Growth slows. The instinct that follows is almost automatic: hire someone to fix it.

A VP of Sales. A CRO. A more senior version of whoever is currently responsible for revenue. The logic feels sound. If growth is the problem, growth should be someone's full-time job.

Sometimes that is exactly the right move. Often, it solves the wrong problem, expensively, and slowly enough that the mistake is not obvious for a year or more.

The Question Rarely Asked First

Before deciding who to hire, it is worth asking a simpler question. Is the current constraint a people problem, or is it a clarity problem?

A people problem means the strategy is sound and the organization simply needs more capable hands executing it. A clarity problem means something upstream, positioning, pricing, the buyer's actual decision process, has never been fully worked out, and no amount of additional sales talent will compensate for that gap.

These look identical from the outside. Both present as missed targets and slower-than-expected growth. They require completely different responses.

Why This Is Easy To Get Wrong

Hiring is legible. A board can understand it, approve it, and feel that action has been taken. Diagnosing whether the real issue is upstream of the sales function is slower, less visible, and harder to explain in a single sentence.

That asymmetry is part of why so many companies hire before they diagnose. It is not that leadership is careless. It is that hiring is the tool everyone already knows how to use.

What A Faster Diagnosis Looks Like

Before the next hire, a few honest questions are usually more revealing than another resume review.

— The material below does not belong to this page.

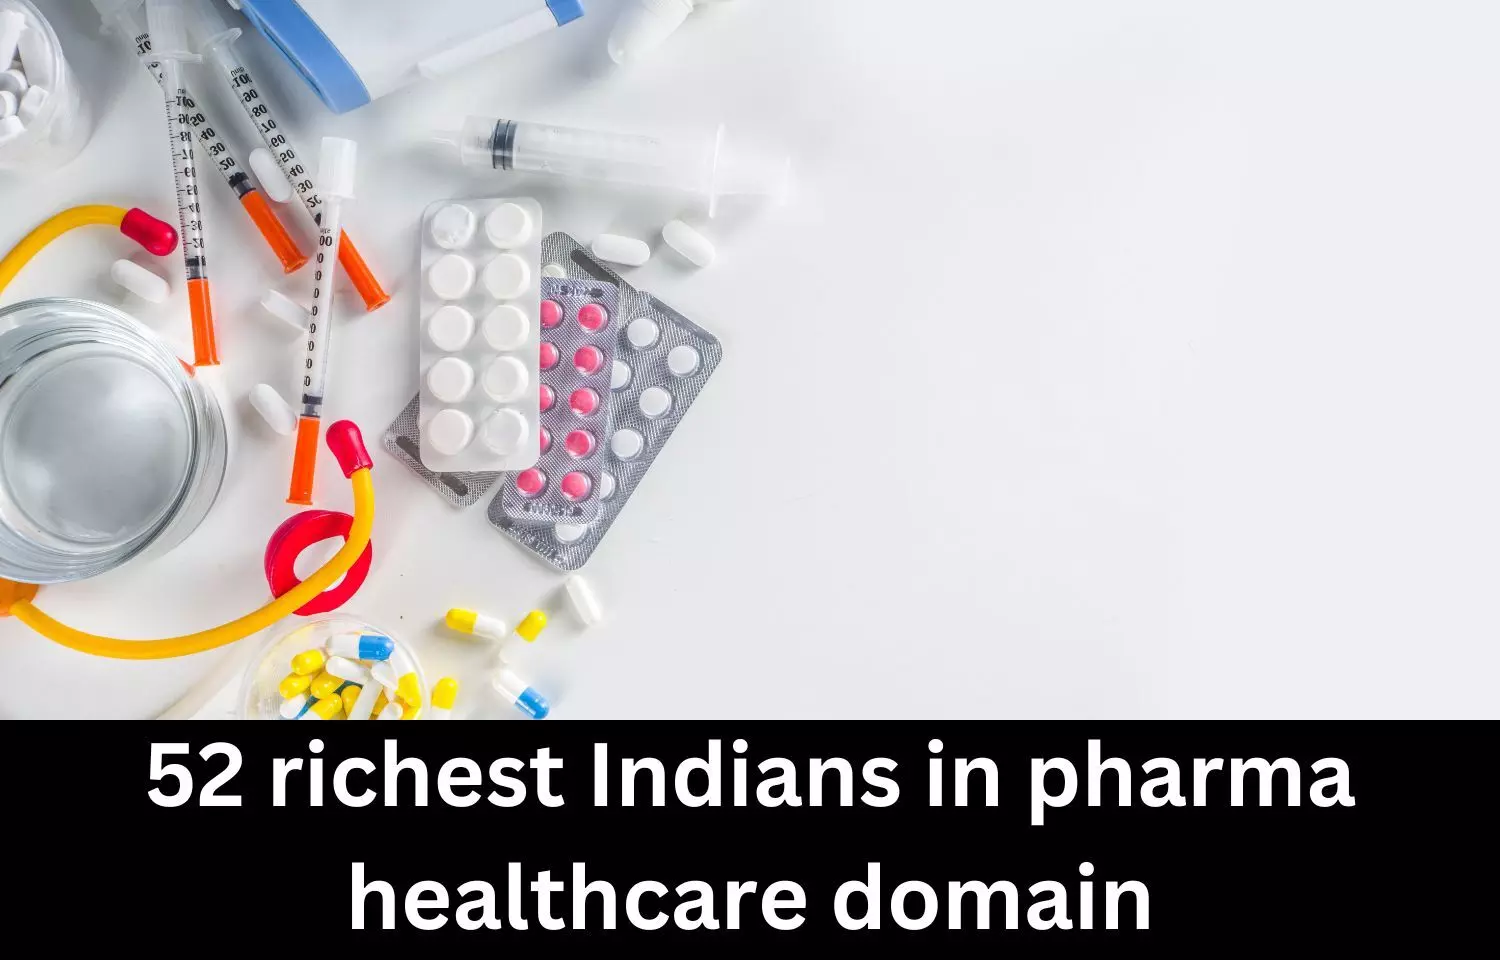 52 richest Indians in pharma healthcare domain

If ten customers were asked to explain the product's value in their own words, would the answers actually agree with each other? Is the current sales cycle long because of the market, or because internal handoffs and approvals slow everything down? When a deal is lost, does anyone investigate why, or does the explanation default to price or timing without a closer look?

If those questions are hard to answer with real confidence, the constraint is probably not a lack of sales talent. It is a lack of clarity that a new hire will inherit rather than solve.


This connects directly to Finding 001: Customers Buy The Decision They Can Safely Defend™. A sales hire cannot make a decision more defensible on its own. Clarity upstream usually has to come first.